- _WHAT TO WORK ON_: Transcribe, exactly and without pictures, the lines below from the line with "Kansas State true" to the line with "Flora : Sunflowers", both ends included, and no others.

- _THE RECORDS_:
☆ ☆ ☆ ☆ ☆
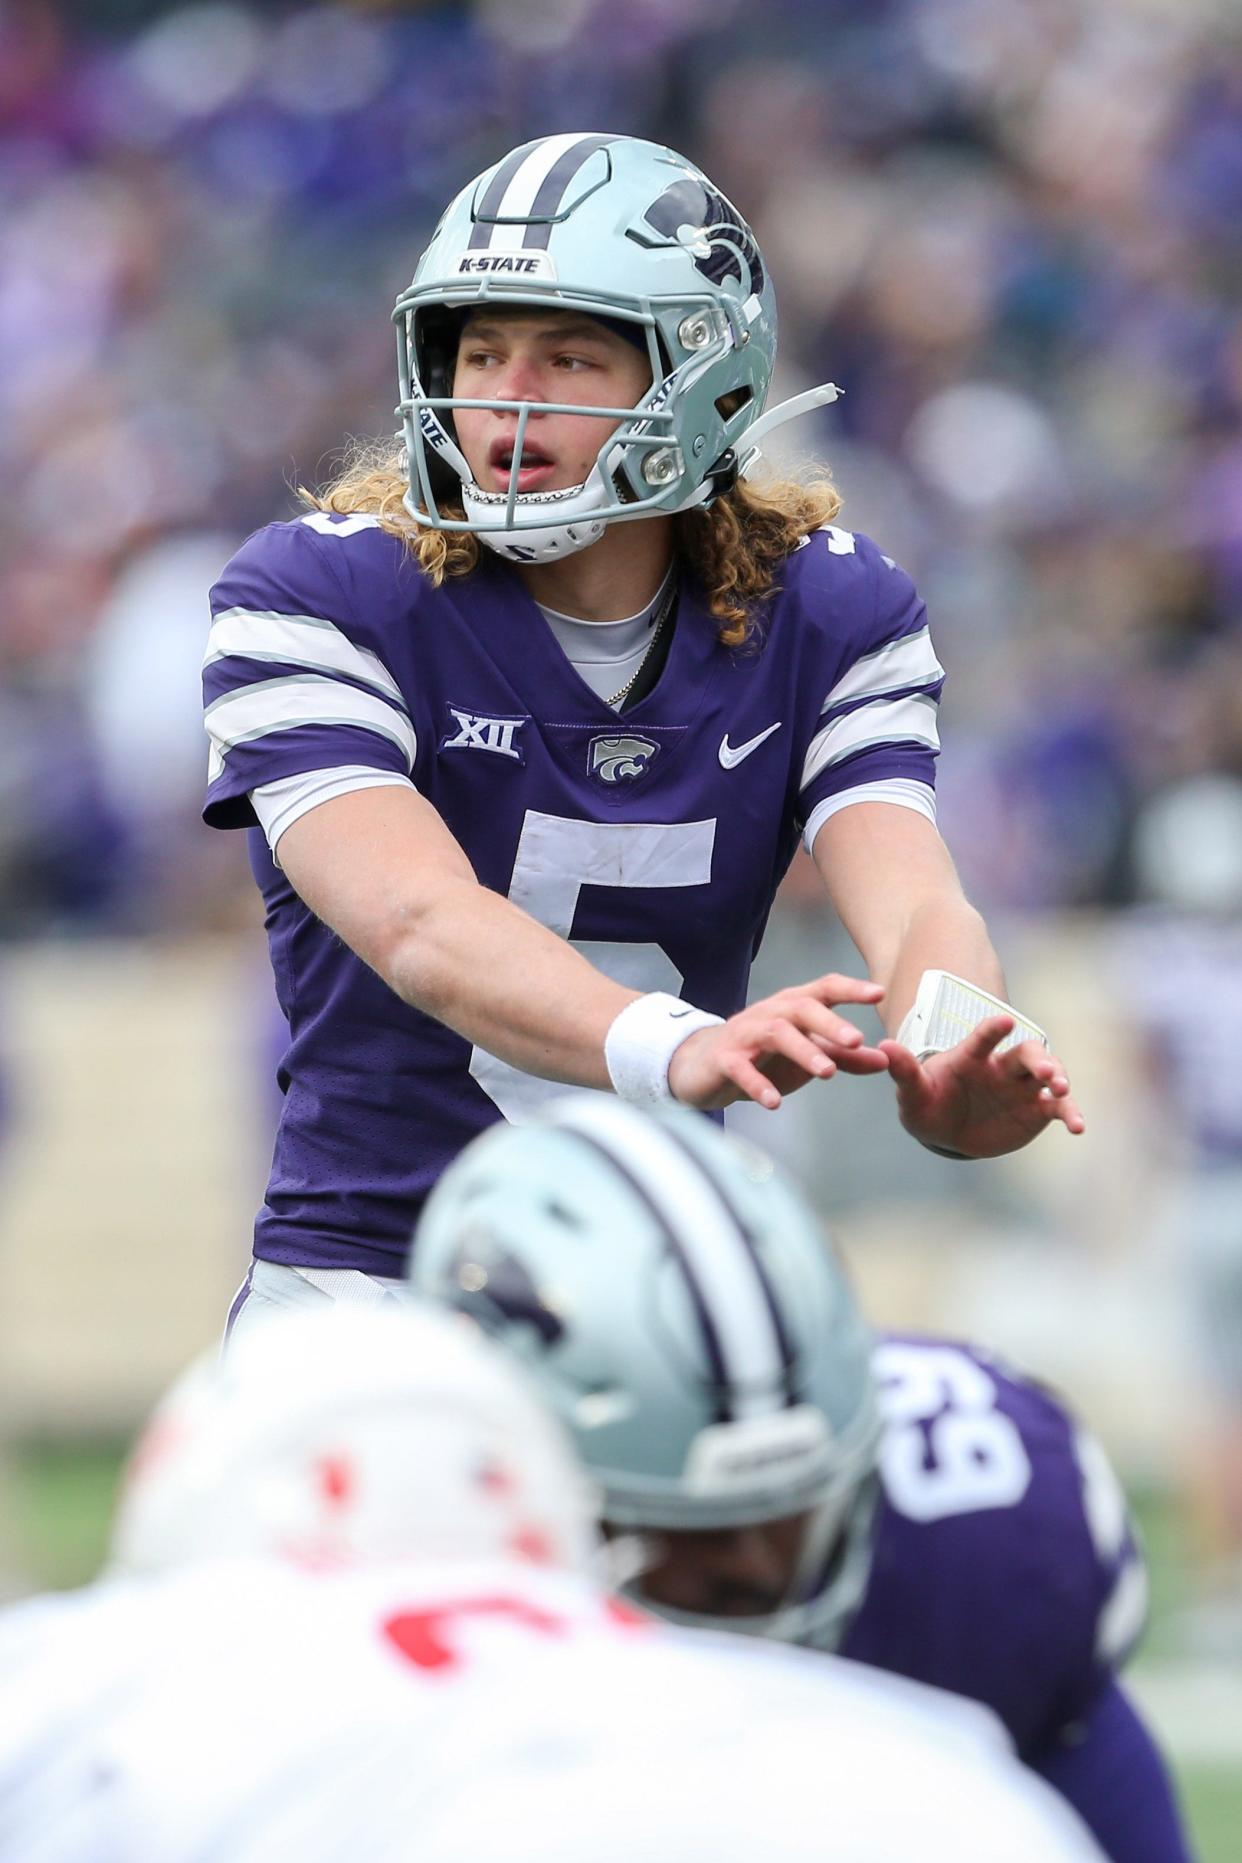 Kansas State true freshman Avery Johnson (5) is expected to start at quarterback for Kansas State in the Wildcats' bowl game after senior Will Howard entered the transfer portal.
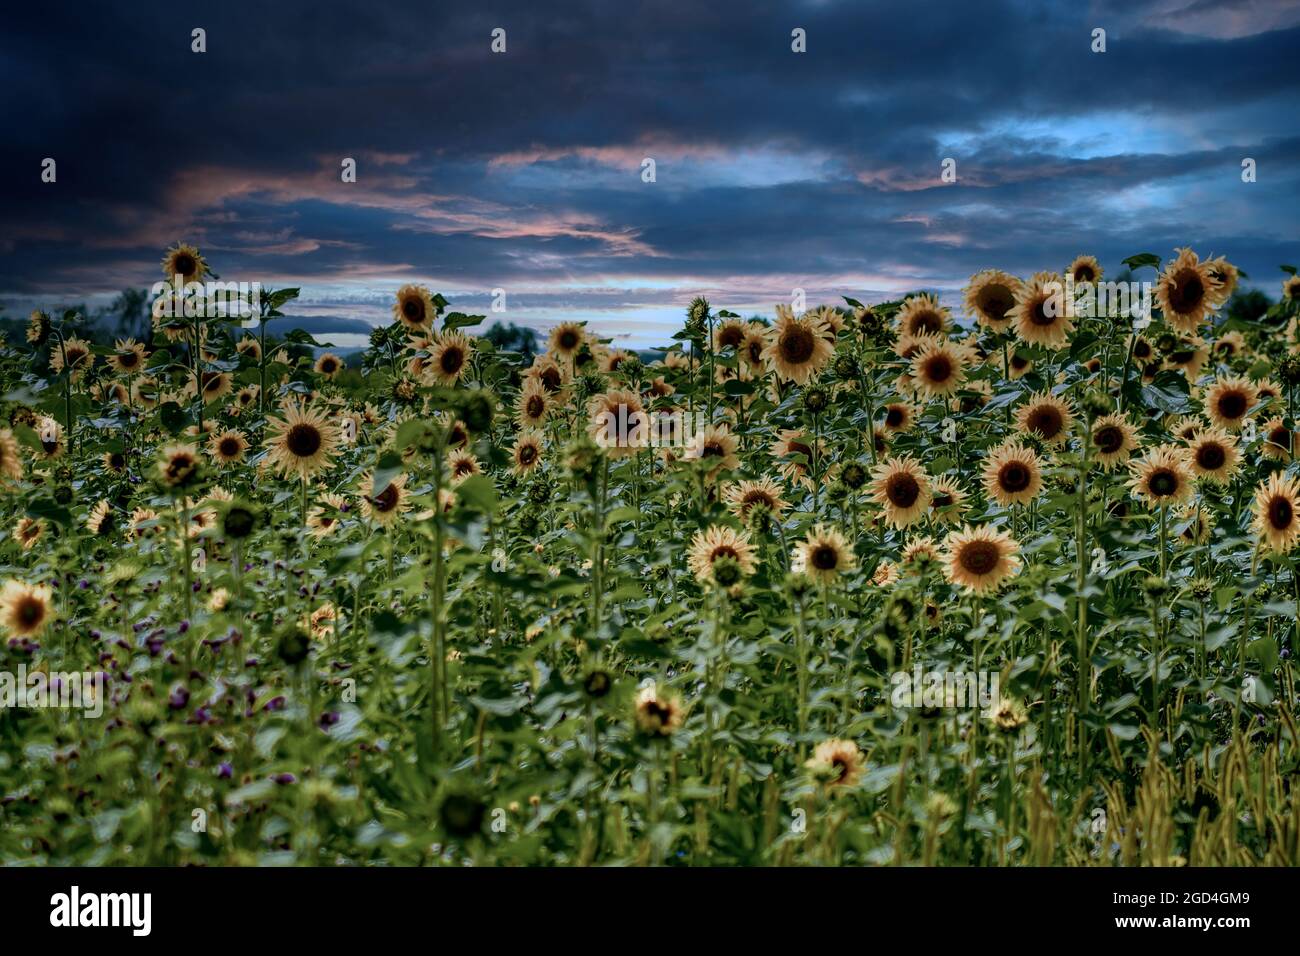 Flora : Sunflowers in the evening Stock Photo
☆ ☆ ☆ ☆ ☆
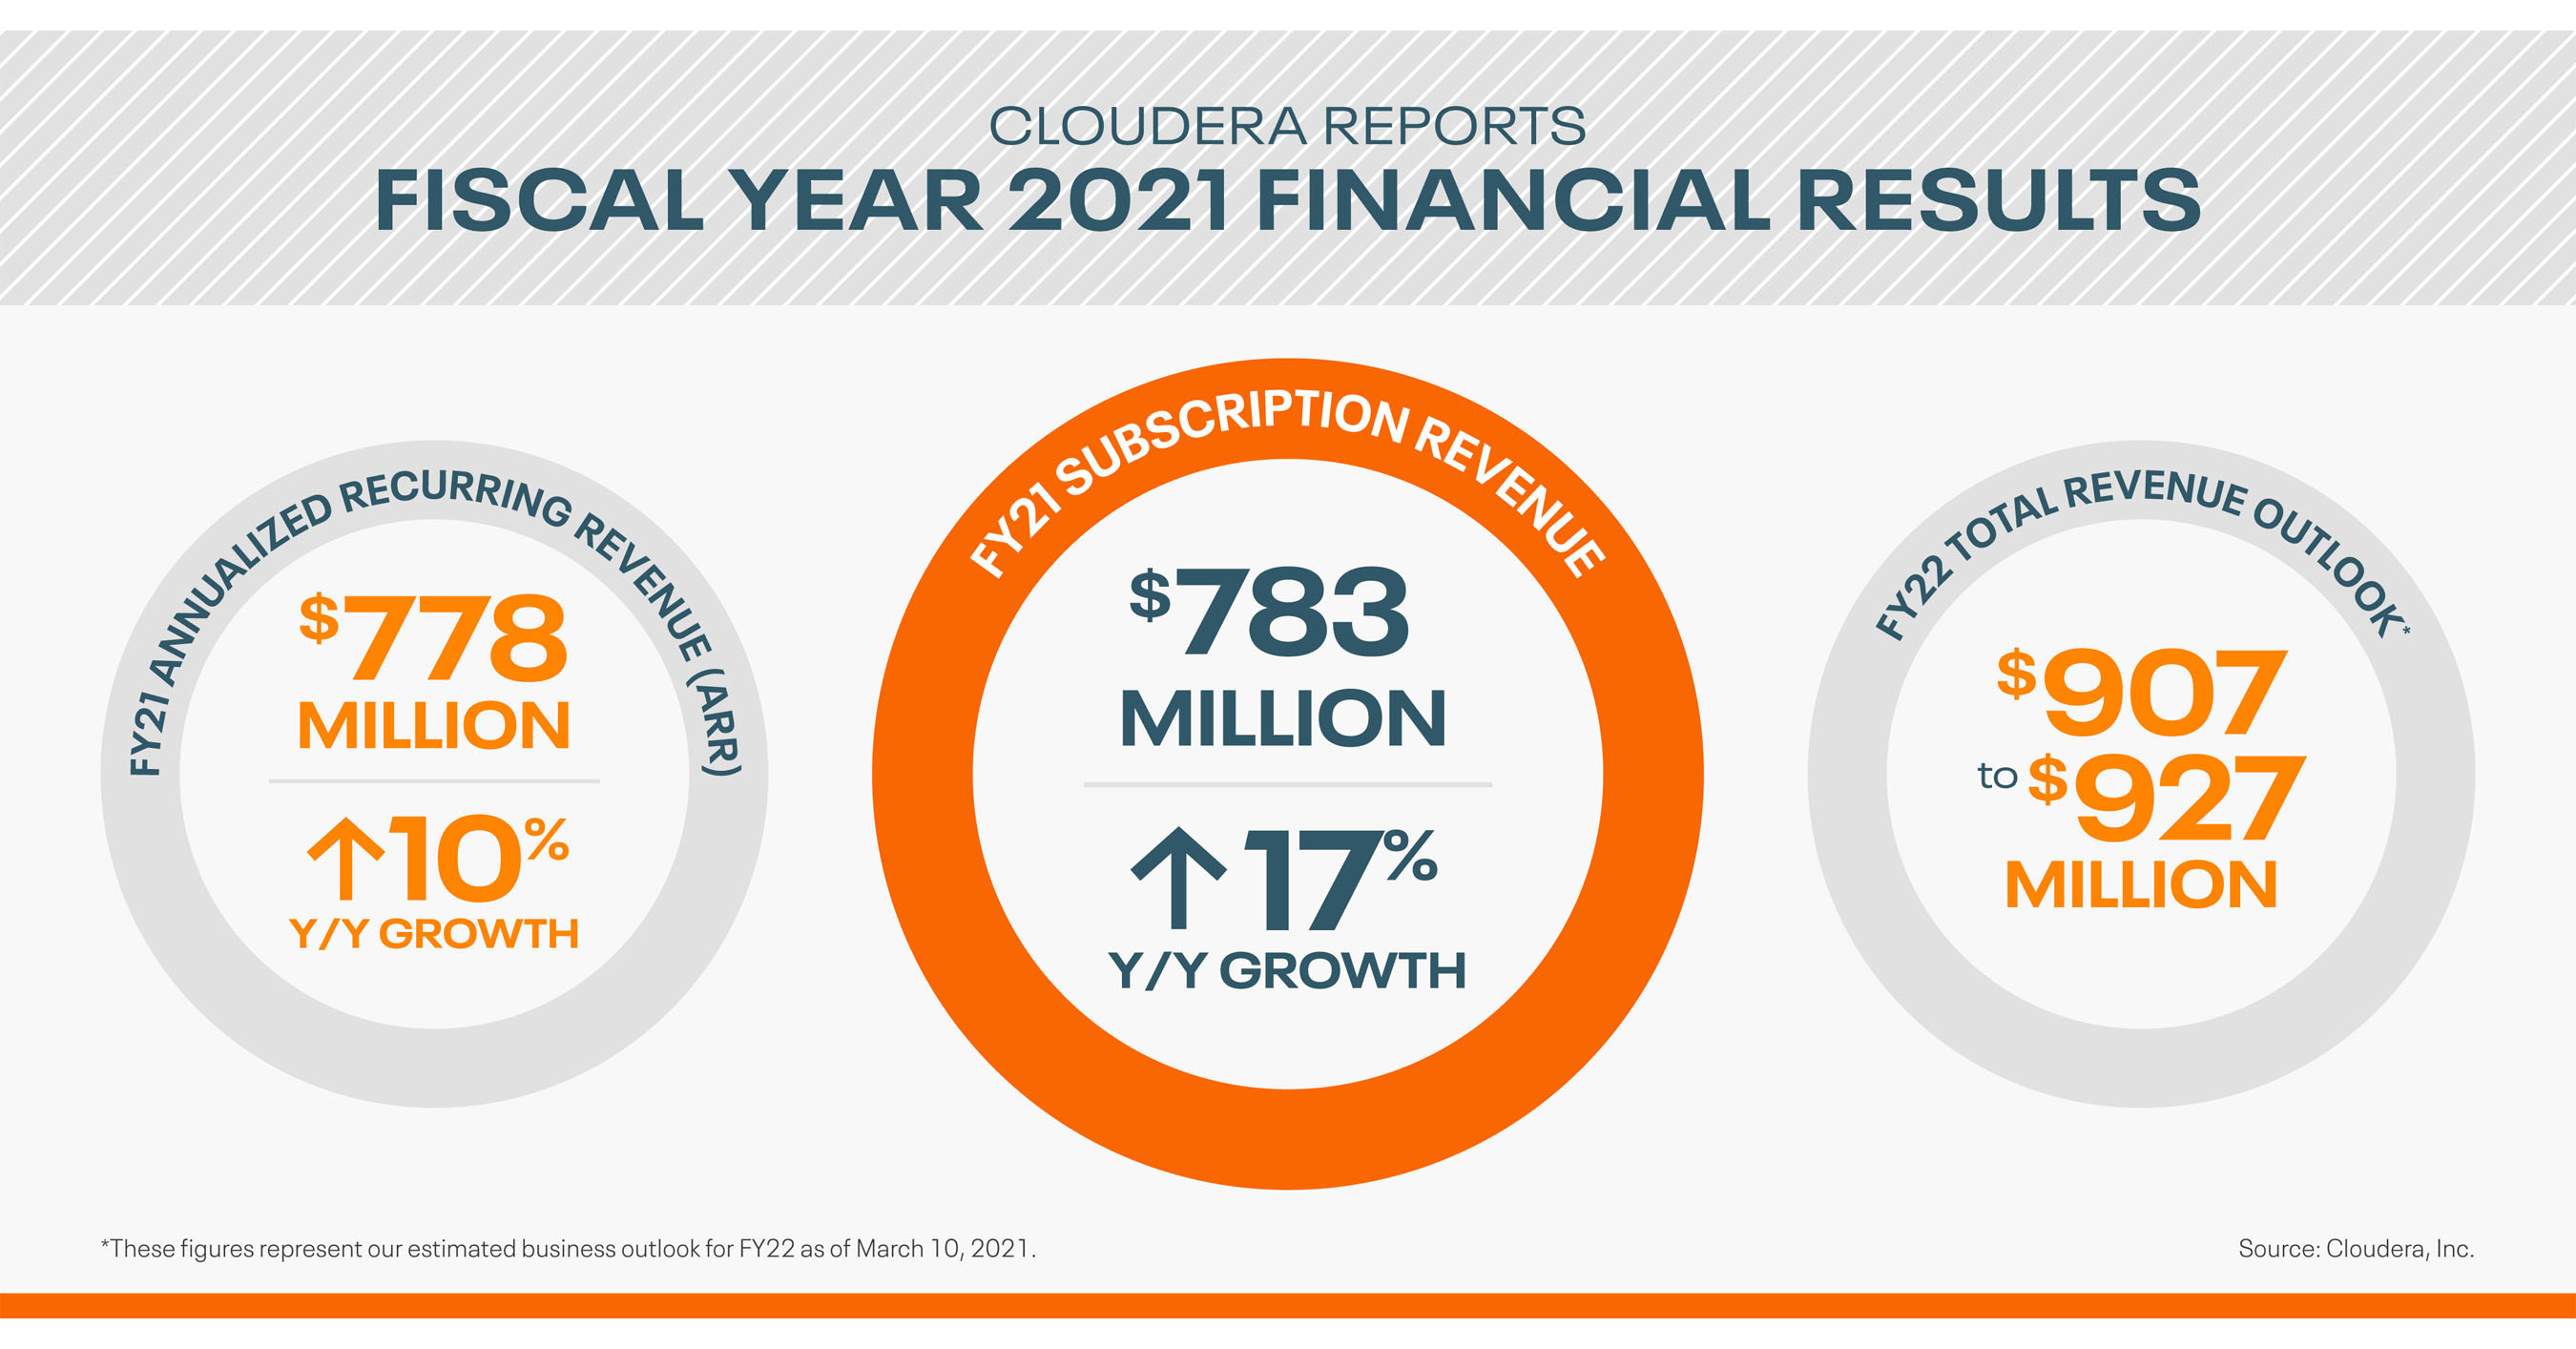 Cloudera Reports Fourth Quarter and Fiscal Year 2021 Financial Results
☆ ☆ ☆ ☆ ☆
- _EXERCISE ANSWER_:
 Kansas State true freshman Avery Johnson (5) is expected to start at quarterback for Kansas State in the Wildcats' bowl game after senior Will Howard entered the transfer portal.
 Flora : Sunflowers in the evening Stock Photo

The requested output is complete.